階段を降りるときにズキッとする、正座から立ち上がる瞬間に膝がひっかかる、朝一番に膝を伸ばそうとすると突っ張るように痛む——同じ「膝の痛み」でも、曲げたときに痛むのか、伸ばしたときに痛むのかによって、実は体の中で起きていることが違うと考えられています。家事や子育て、仕事の合間に膝をかばいながら過ごしている方も多いのではないでしょうか。この記事では、膝を「曲げると痛い」場合と「伸ばすと痛い」場合、それぞれで考えられることと、日常でできるセルフチェックのポイントを、柔道整復師の視点からご紹介します。
膝を曲げると痛い場合に考えられること
深くしゃがみ込む、正座をする、階段を降りるときなど、膝を大きく曲げる動作で痛みが出る場合、膝のお皿(膝蓋骨)の下や膝の裏側にある組織に負担がかかっている可能性があります。膝を曲げると、お皿の裏側と太ももの骨(大腿骨)がこすれ合うような動きが生まれるため、この部分の軟骨や周囲の組織に炎症が起きていると、曲げる動作のたびに痛みとして感じられることがあります。また、膝の内部にある半月板というクッションの役割をする組織に負担が集中しているケースもあると言われています。曲げる動作で痛みが強く出る方は、正座やあぐらを避け、無理に深く曲げないようにすることが大切です。
膝を伸ばすと痛い場合に考えられること
一方、膝をまっすぐ伸ばしきろうとしたときや、朝起きて最初の一歩で突っ張るような痛みを感じる場合は、膝の前側にある腱や、太ももの前の筋肉につながる部分に負担がかかっている可能性が考えられます。膝を伸ばす動作は、太ももの筋肉が強く働くタイミングでもあるため、その筋肉と骨をつなぐ腱に繰り返し負担が加わることで、炎症につながることがあると言われています。また、膝の中に水がたまっている(関節に水が溜まる状態)場合も、伸ばしきろうとしたときに突っ張るような痛みや違和感が出やすいとされています。
曲げる・伸ばす、痛みの出方で分かること
このように、痛みが出るタイミングによって負担がかかっている場所が異なると考えられているため、「いつ、どんな動きで、どのあたりが痛むか」を自分の言葉でメモしておくことは、今後の相談の際にとても役立ちます。特に注意していただきたいのが、膝の曲げ伸ばしそのものが以前より制限されている、つまり「可動域が狭くなっている」と感じる場合です。可動域の制限は、関節内部で何らかの変化が起きているサインの一つとされており、放置せずに早めに専門家へ相談することをおすすめします。
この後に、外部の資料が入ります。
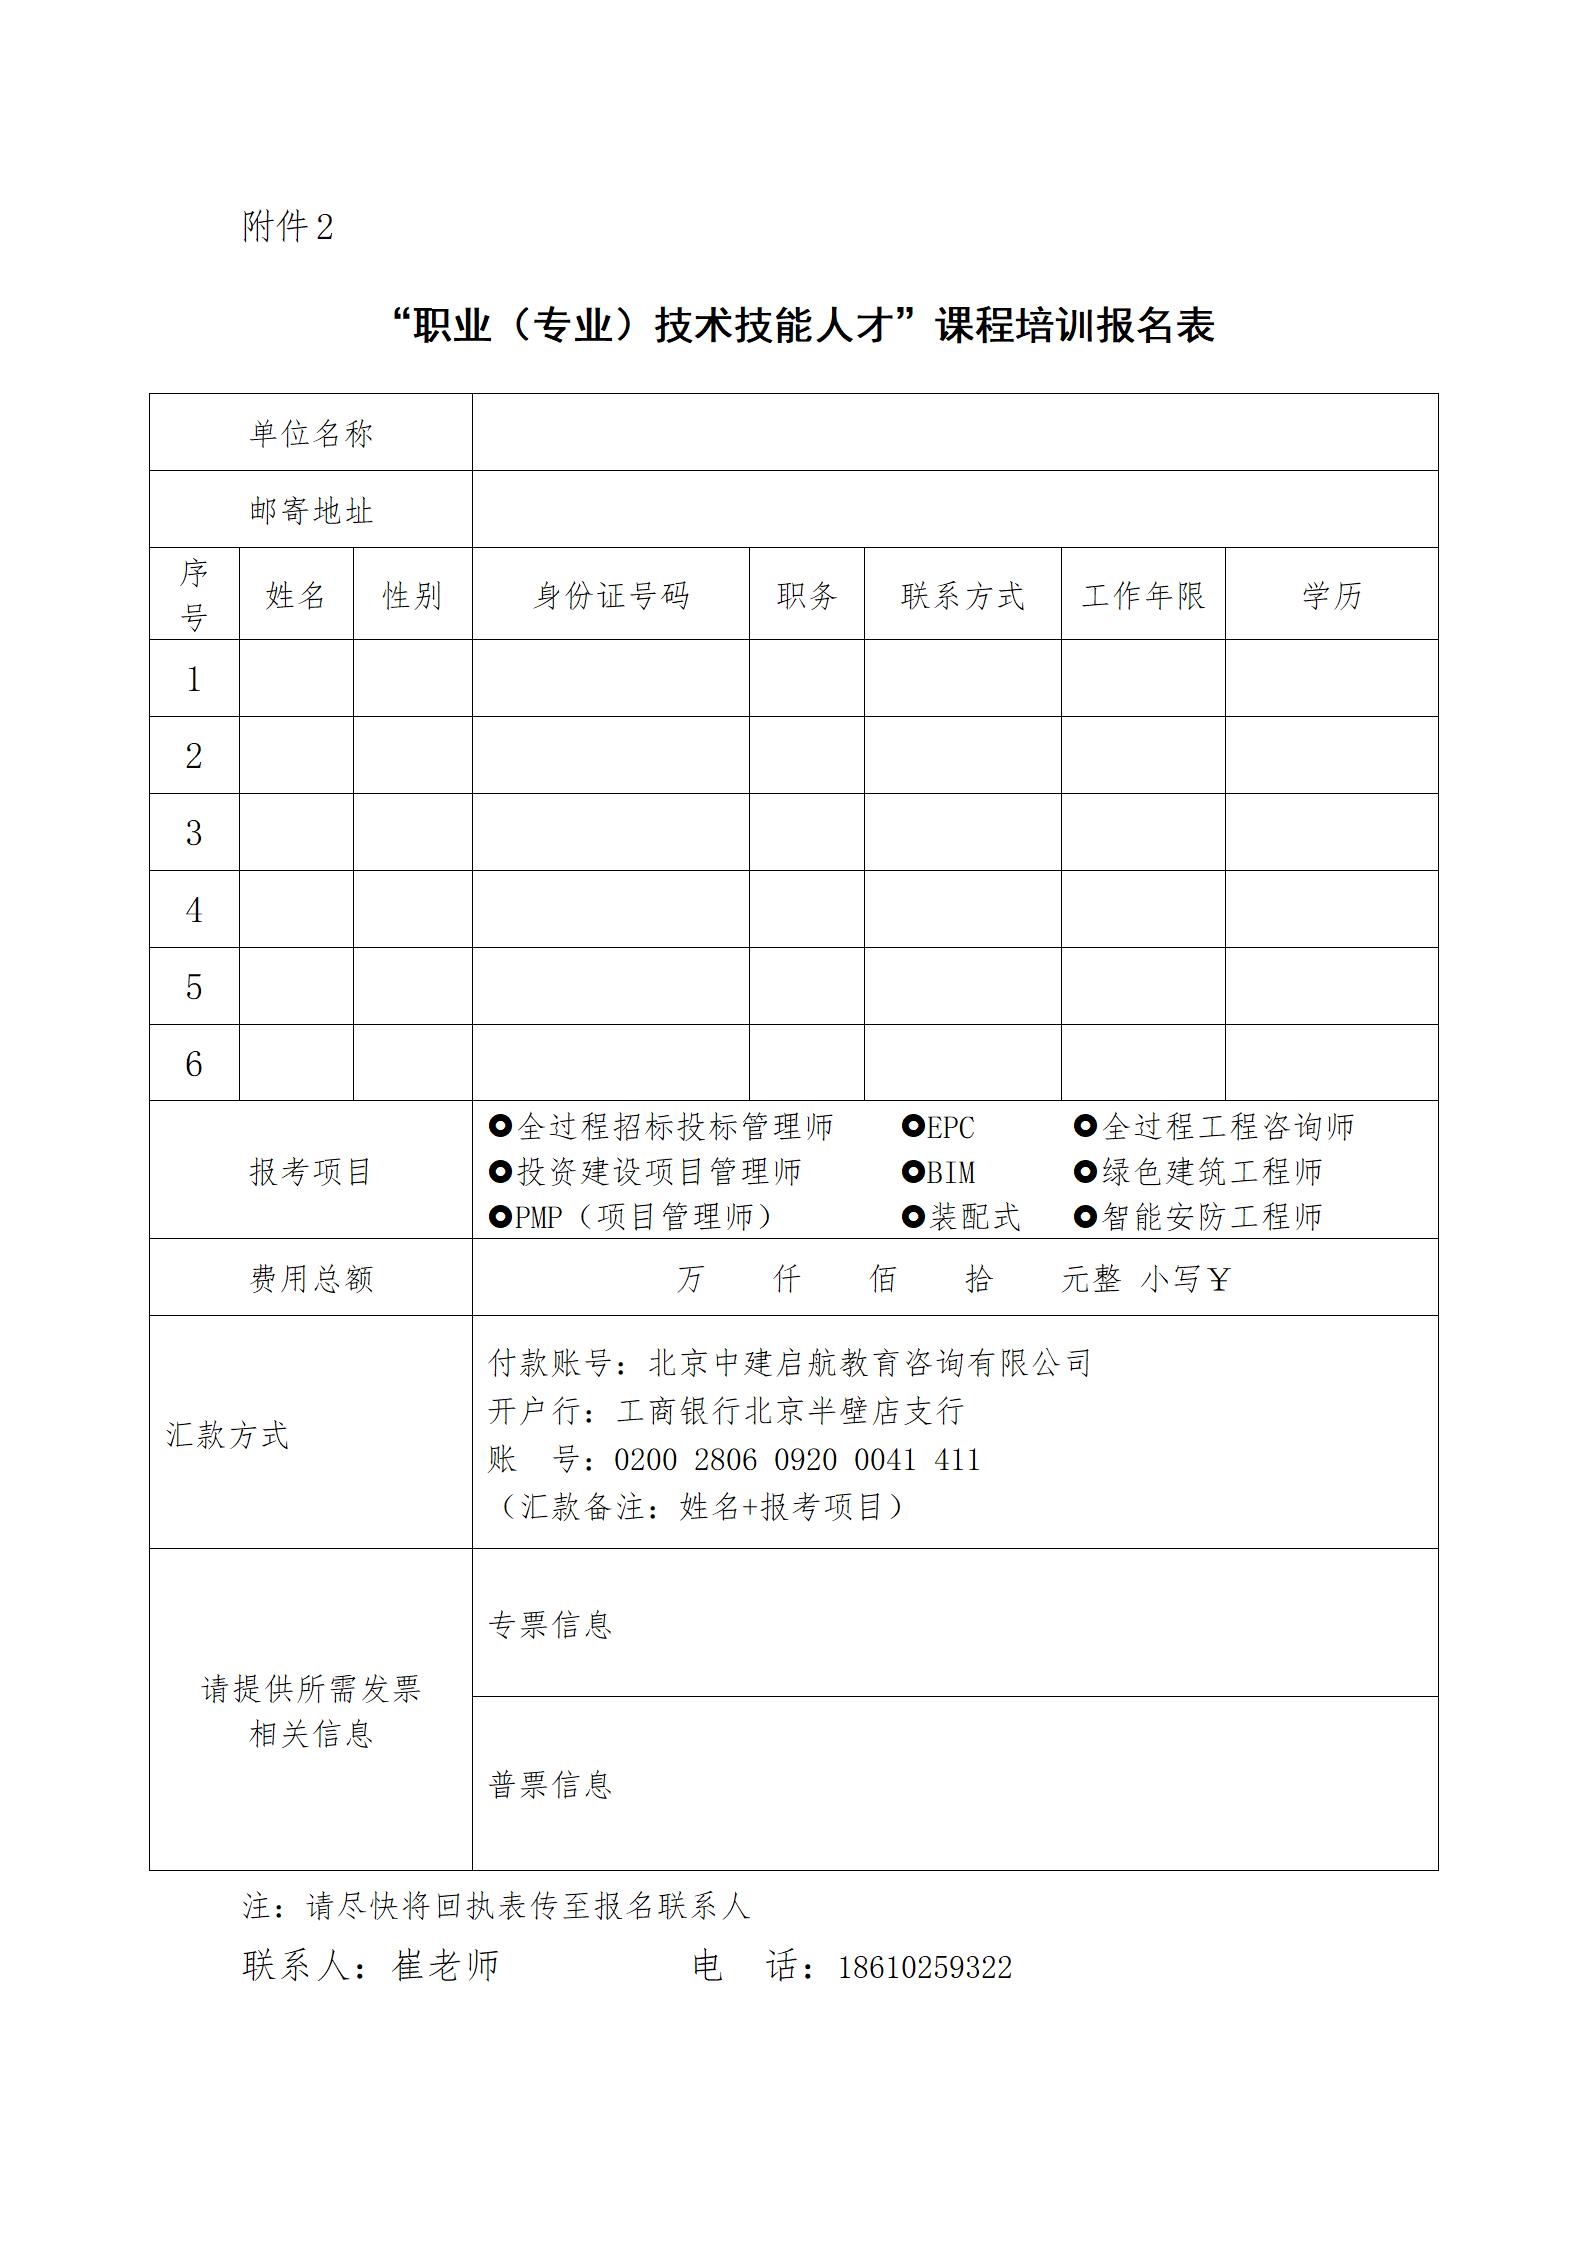 国培网专技项目招生函(1)_05.jpg

ただし、痛みの原因を特定する診断や、レントゲン・MRIなどの画像検査、注射や手術の判断は医師(整形外科)の領域となりますので、気になる症状がある場合はまず医療機関での確認をおすすめします。
動作別セルフチェックのポイント
日常の中でできるセルフチェックとして、次のような点を確認してみてください。
- どの角度まで曲げると痛みが出るか(目安がわかると変化に気づきやすくなります)
- 痛みが片側の膝だけか、両膝ともに出るか
- 安静にしていても痛みが続くか、動いたときだけか
- 膝の熱っぽさや腫れぼったさを伴うか
これらは自己診断のためではなく、体の状態を客観的に把握し、専門家に相談する際に伝えやすくするためのものです。無理に動かして痛みを確かめようとするのは避けましょう。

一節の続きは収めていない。